Pharmacology: Pharmacokinetics: Following oral administration, the bioavailability of the drug is about 90% with 150 mg dose and 23-38% with higher doses.
An hour after a single dose of 150 mg oral clindamycin, plasma concentration reaches 2-3 mcg/mL. After 6 hours, it increases to an average of 0.7 mg/mL. Peak plasma concentrations are 4 mcg/mL for 300 mg dose and 8 mcg/mL for 600 mg dose.
Food reduces the rate of absorption of clindamycin but does not affect the extent of absorption of the drug.
Clindamycin is about 90% protein bound. Its half-life is 2-3 hours and is prolonged to 3.5 to 5 hours in patients with anuria, and to 7-14 hours in patients with liver disease. Half-life is also prolonged in preterm neonates.
Clindamycin is metabolized in the liver to its active metabolites, n-demethyl and sulfoxide metabolites and to some inactive ones.

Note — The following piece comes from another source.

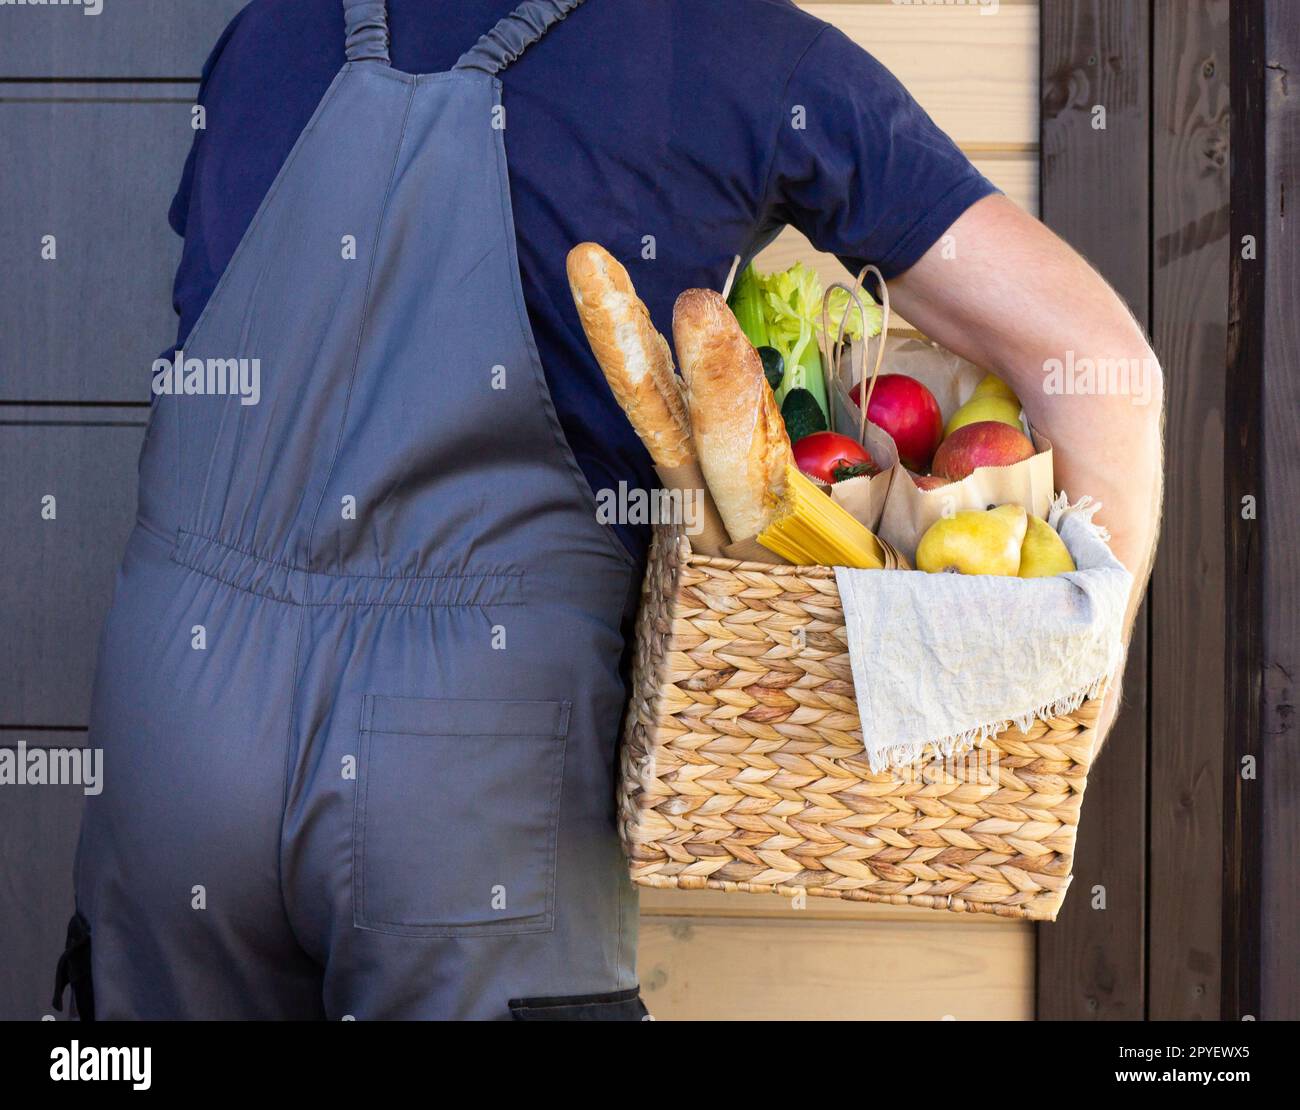 Fresh organic food in a wicker basket in the hands of a bicycle courier. Bike delivery or donation of food concept. Stock Photo
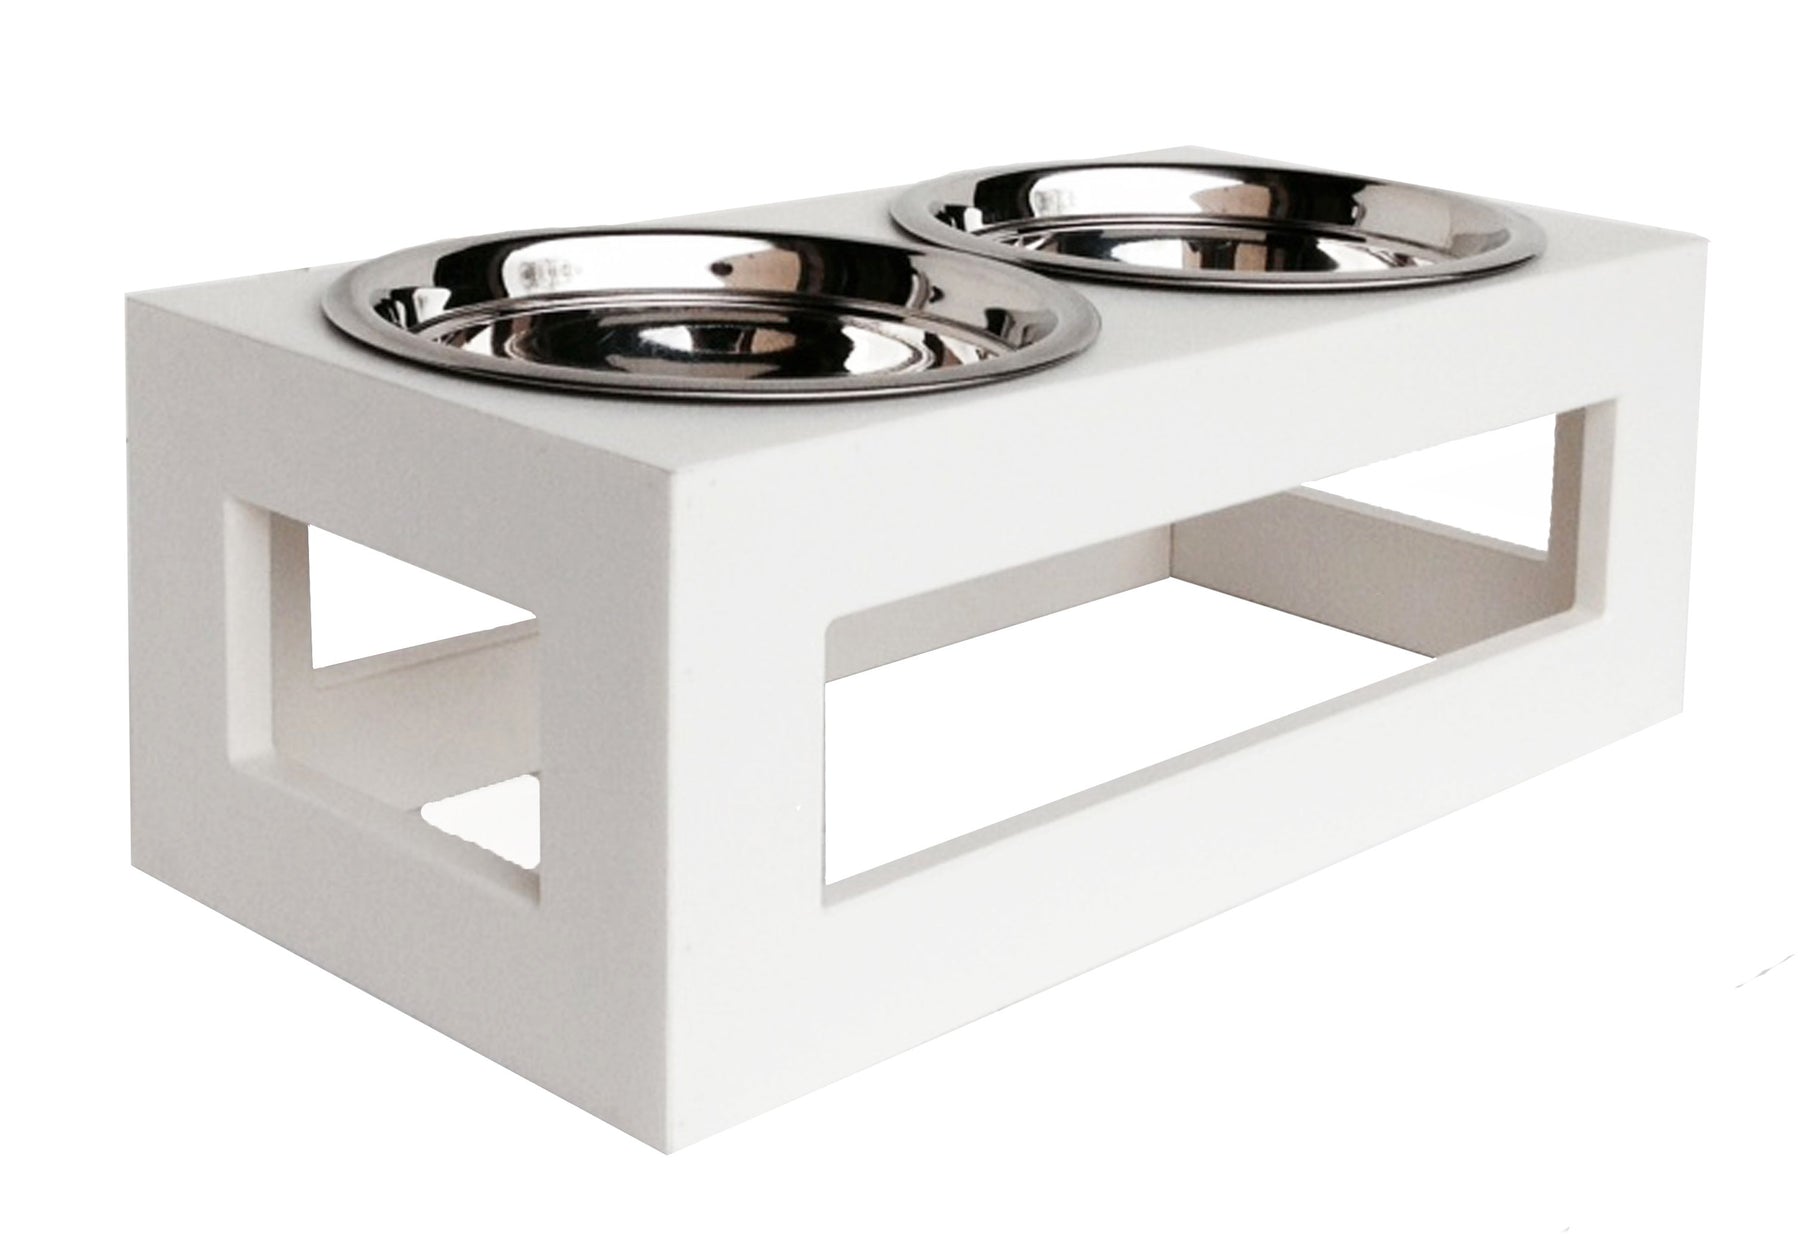 Modern Elevated Dog Bowls for Small Dogs, Raised Food and Water Bowl Stand  Sets 3 - 7, Best Elevated Feeder Stainless Steel

The volume of distribution of clindamycin is 0.66 mL/g. It is distributed in most tissues, body fluids, and bone. Significant concentration of clindamycin enough to treat meningitis is not reached in the cerebrospinal fluid.
Clindamycin is eliminated in the liver and is slowly excreted as active drug and metabolites in the urine (10%) and in the feces (4%). Clindamycin cannot be removed by dialysis.
In patients with AIDS, clindamycin shows higher bioavailability. Plasma clearance and volume of distribution is lower.